Internal market bill passed by Commons despite Tory concerns | Politics

A controversial government Brexit bill that breaches international law has safely passed its final House of Commons hurdle on Tuesday night, despite continued serious doubts among a number of Conservative MPs about the plan.

The internal market bill, which primarily sets out technical post-Brexit details involving the devolved nations, also gives ministers the power to unilaterally rewrite elements of the withdrawal agreement with the EU. It passed its third reading by 340 votes to 256. It will now go to the House of Lords.

The provisions in the bill have prompted significant disquiet, particularly after the Northern Ireland secretary, Brandon Lewis, told the Commons earlier this month that they did break international law “in a very specific and limited way”.

The subsequent furore saw two Conservative MPs vote against the bill at its initial Commons vote, with 30 more abstaining, although some of these did not vote because they were absent.

No Conservative MPs voted against the bill, though more than 20 did not vote, with the majority assumed to be abstentions, Theresa May among them.

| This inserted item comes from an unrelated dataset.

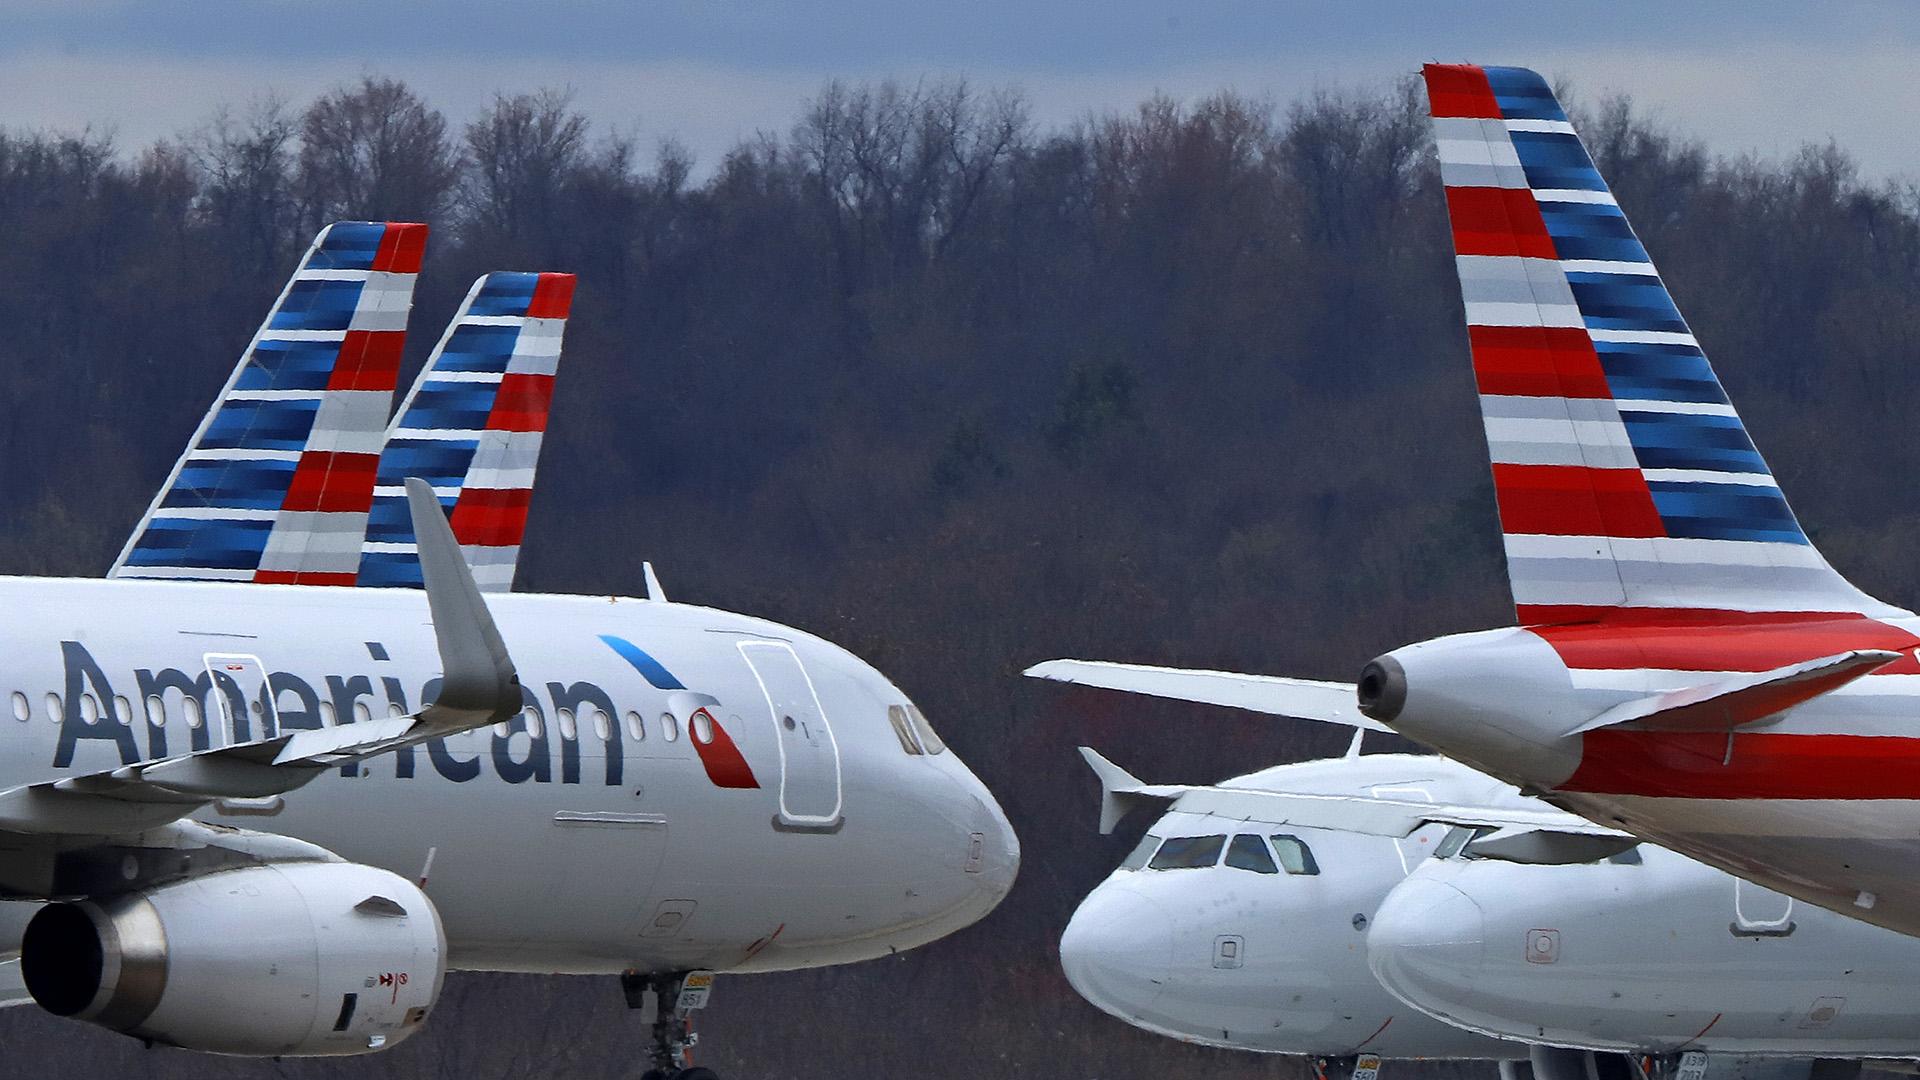 In this March 31, 2020 file photo American Airlines planes are parked at Pittsburgh International Airport in Imperial, Pa. (AP Photo / Gene J. Puskar, file)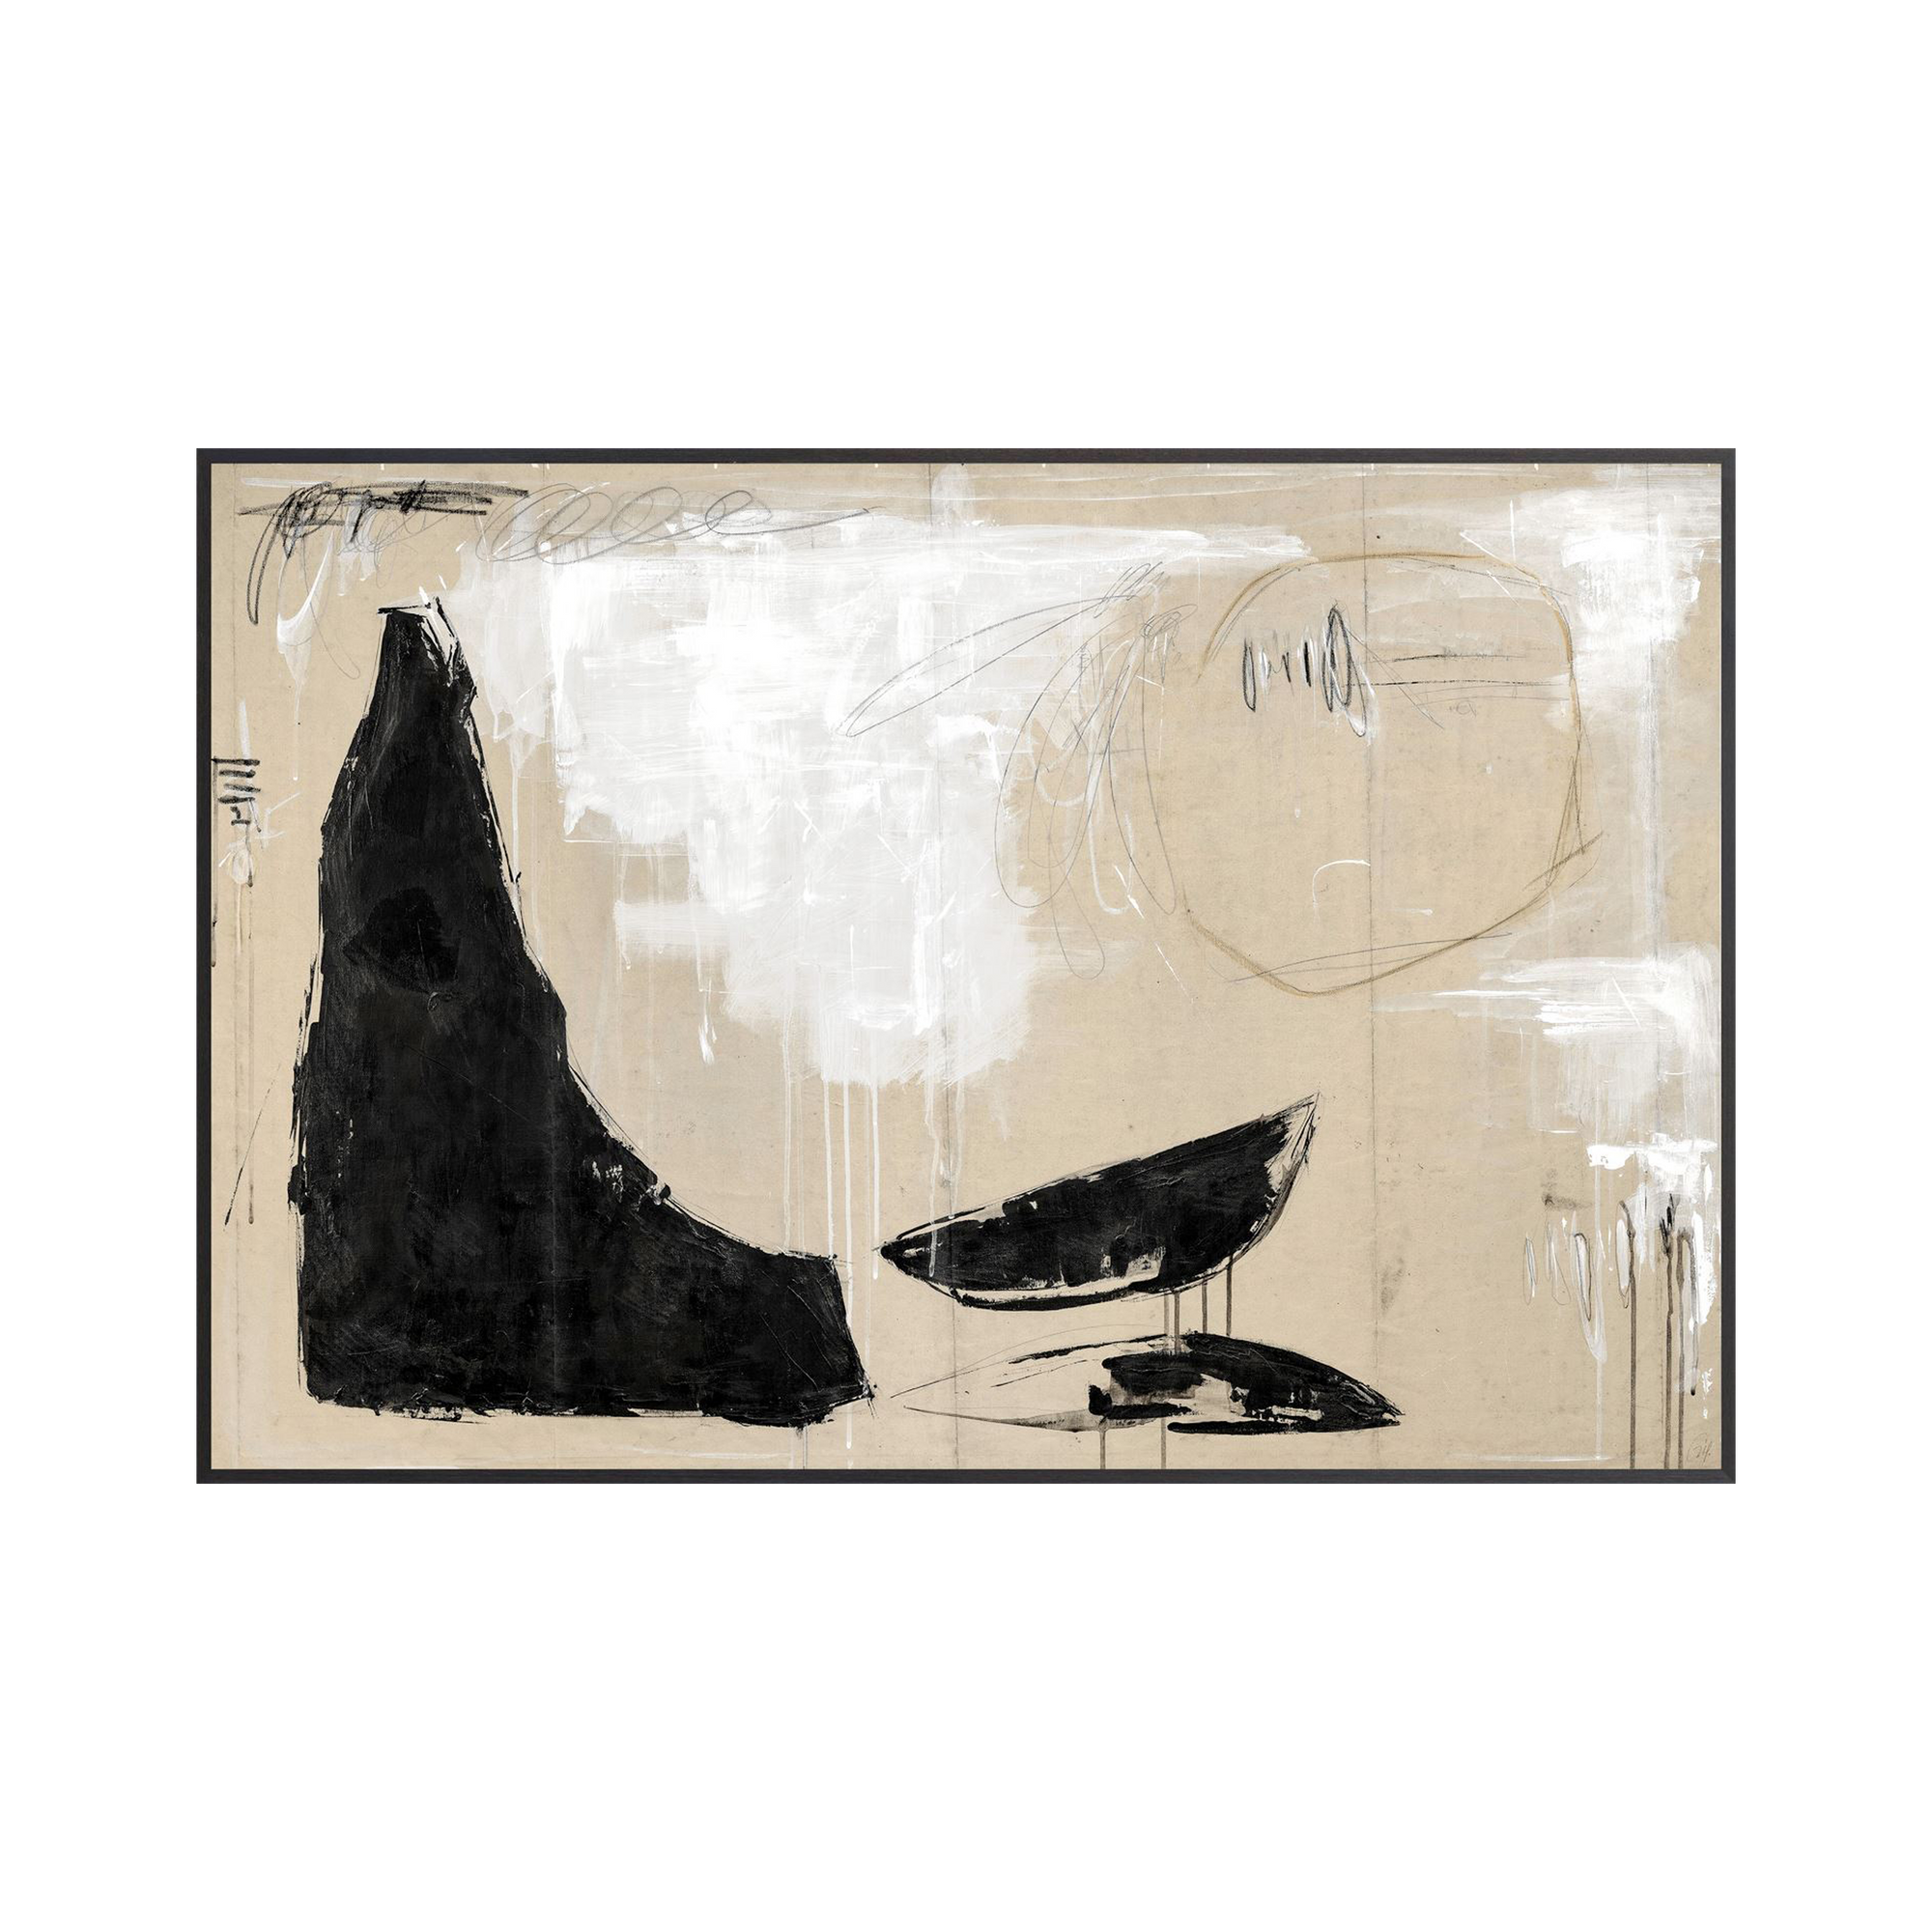 A painterly abstract featured in a black frame.

The former prime minister was in Westminster on Tuesday, and as a vocal opponent of the bill seemed likely to be a deliberate abstention. Other Tory MPs who did not vote include the former attorneys general Geoffrey Cox and Jeremy Wright.

Boris Johnson argued the law-breaking measures were needed to counteract the possibility of the EU responding to a lack of a permanent trade deal in December by effectively blocking goods from entering Northern Ireland from the rest of the UK, an idea critics have said is highly unlikely.

The rebellion coalesced around an amendment led by the Conservative backbencher Bob Neill, which decreed that the government could only use the powers to change the Brexit departure deal with prior approval of MPs.

Amid continued Tory unrest that saw the resignation of Lord Keen, the UK government’s law officer for Scotland, the government agreed an amendment broadly similar to Neill’s plan.

This did not satisfy every malcontent, with May using a Commons speech last week to condemn the idea of ditching elements of the withdrawal agreement, which has the status of a treaty and is thus protected under international law, as “reckless” and “irresponsible”.

Speaking for Labour on Tuesday, the shadow business minister Lucy Powell said the government was being reckless and “using Northern Ireland as a pawn in a wider negotiating strategy”.

She added: “The government are playing a dangerous game, and it’s the people and businesses of Northern Ireland who risk paying the price.”

Tobias Ellwood, the former defence minister who abstained in the last vote, said he and some colleague would support the bill out of necessity.

“Many people will be far from content, but they recognise the politics of where we sit,” he said. “We’re just running out of time. If a number of planets were to align we would find ourselves in a worse place where the absence of this legislation could cause more problems on top of no deal.

“No deal would be damaging on so many fronts, but for us not to have the basis for an internal market in place, which 80% or 90% of this bill focuses on – you’ve got to have it in place by 1 January.”

The bill will now move to the Lords, where Johnson faces potentially stiffer opposition, not least from Michael Howard, the former Tory leader who has also condemned the law-breaking plan.

However, the timetable for the Lords has yet to be set out, prompting more speculation that the contentious elements might be aimed more as a negotiating stick for the EU rather than an urgent legal necessity.

Lord Neuberger, former president of the supreme court, has condemned the bill as a “flagrant breach” of the UK’s international law obligations that would “muzzle” British courts.

Speaking at an online seminar organised by the International Bar Association on Tuesday evening, Neuberger said there would be moral and practical ramifications.

He asked how the government, which is passing some “pretty draconian” laws through Covid-19 health regulations, could expect people to obey them if it is “seen to be breaking its obligations on the international law stage”.

At the same meeting, Prof Philippe Sands QC, warned that the government’s threat to break international law would “undermine the UK’s negotiating position” in any future treaties with other countries and destroy our reputation for being trustworthy.

Dominic Grieve QC, the former Conservative attorney general, said the bill was unprecedented, drives a “coach and horses” through the UK’s international obligations and would do “massive reputational damage” to the UK.